(WHAT THE EXERCISE ASKS): Where the line containing "All Over Embroidered Hip-hop Hats" appears below, begin there and reproduce each line exactly through the last one, omitting pictures.

[GIVEN DATA]

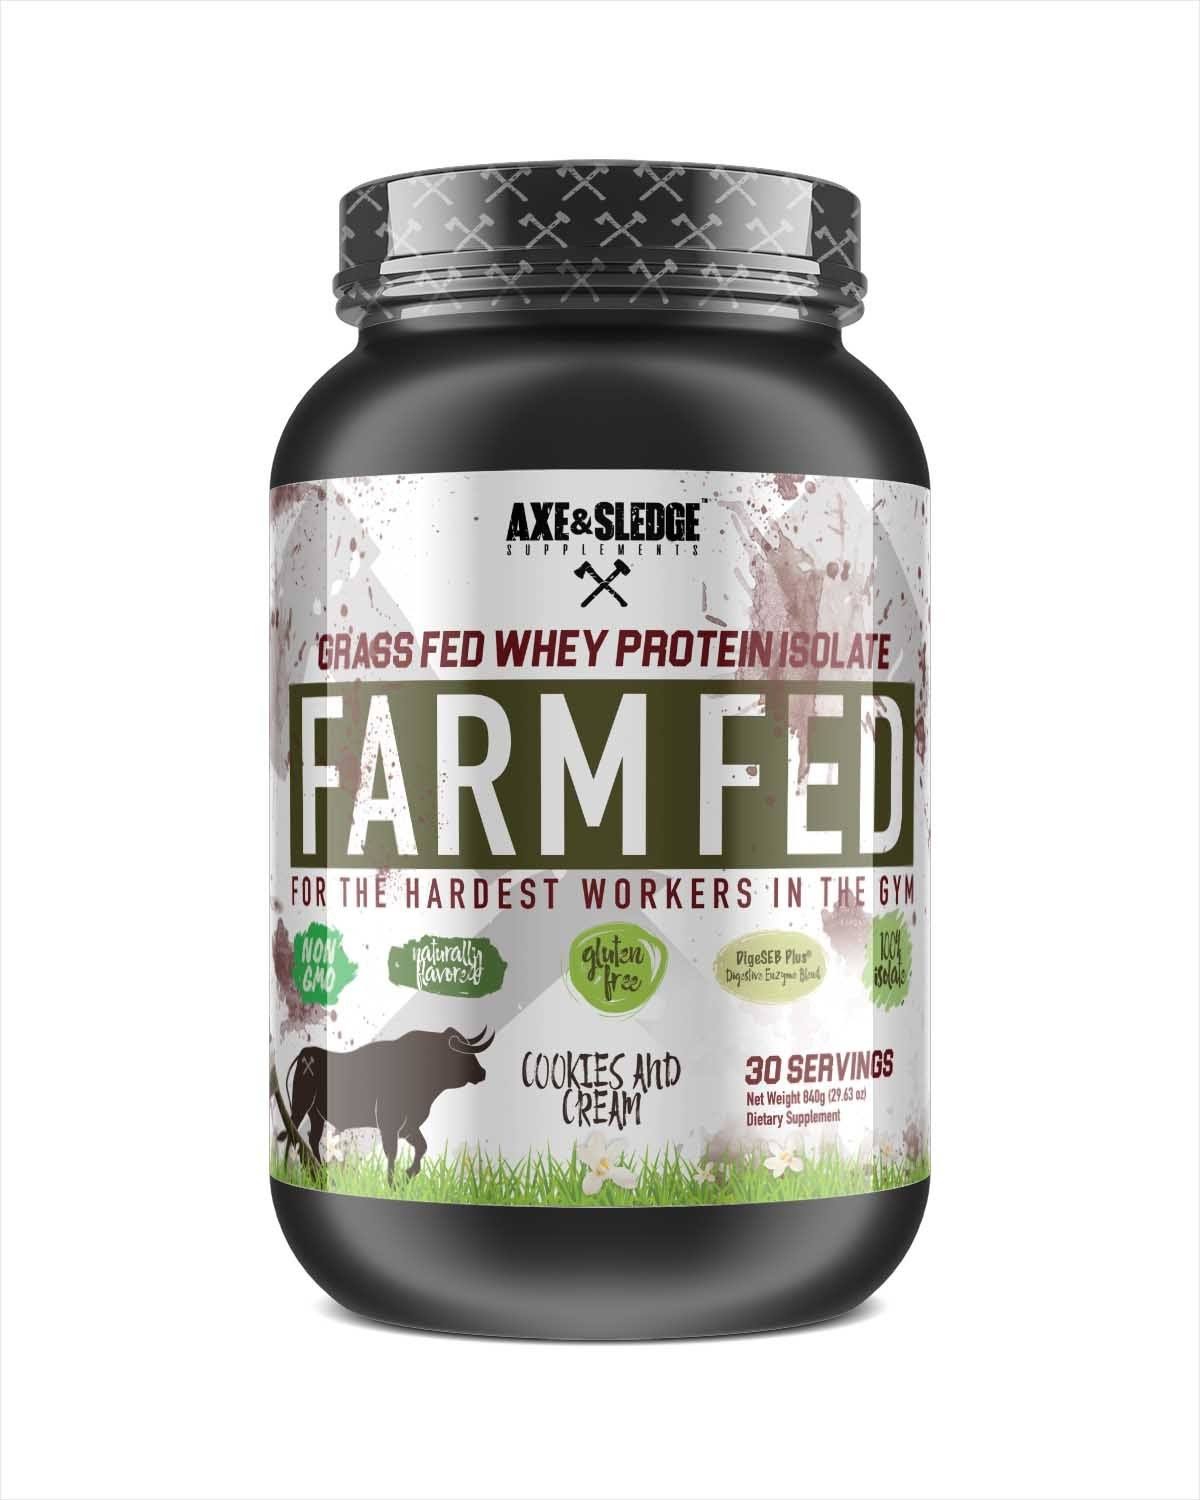 Axe & Sledge Farm Fed Grass Fed Whey Protein Isolate Cookies & Cream 30 Servings (840 g)
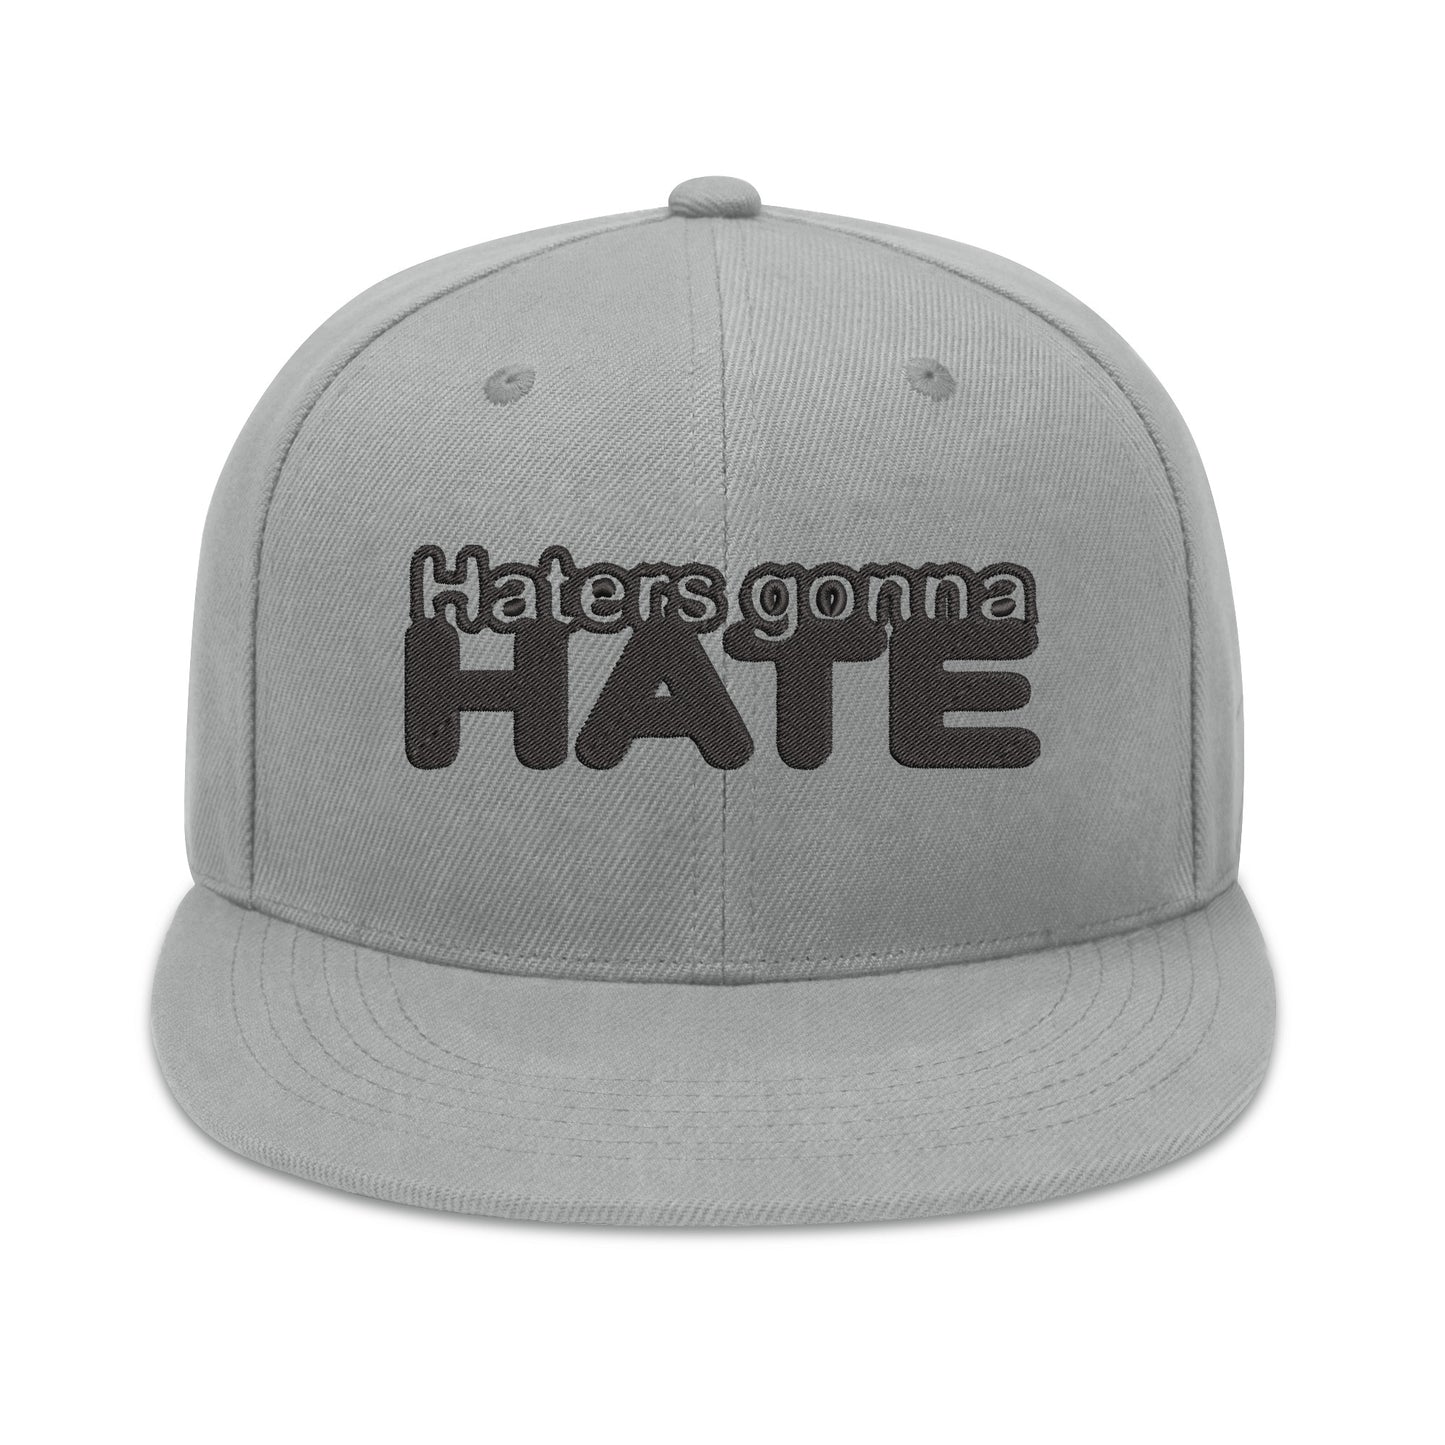 All Over Embroidered Hip-hop Hats
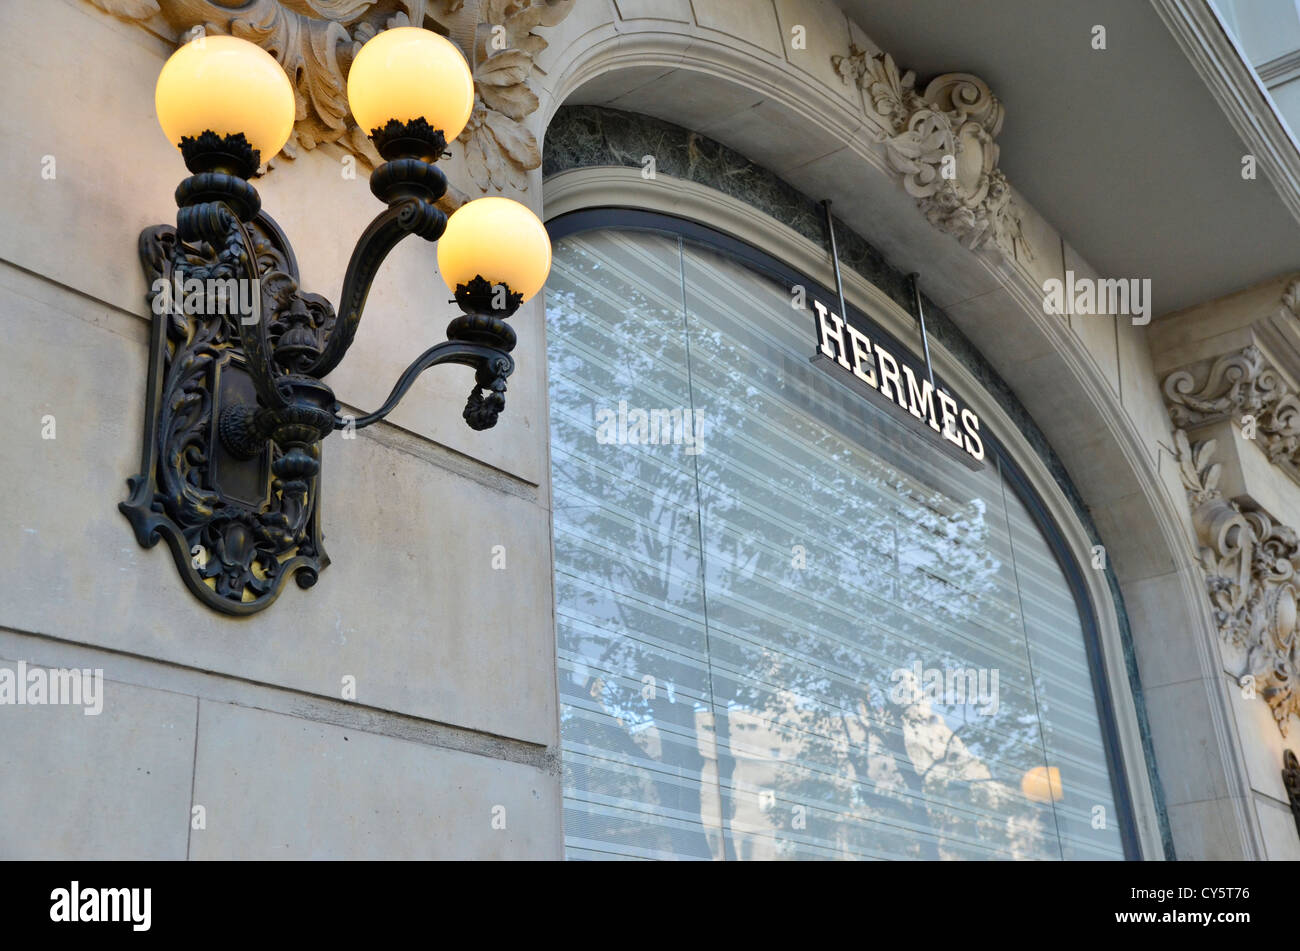 Hermes storefront hi-res stock photography and images - Alamy

[/GIVEN DATA]

(TASK RESULT):
 All Over Embroidered Hip-hop Hats
 Hermes storefront hi-res stock photography and images - Alamy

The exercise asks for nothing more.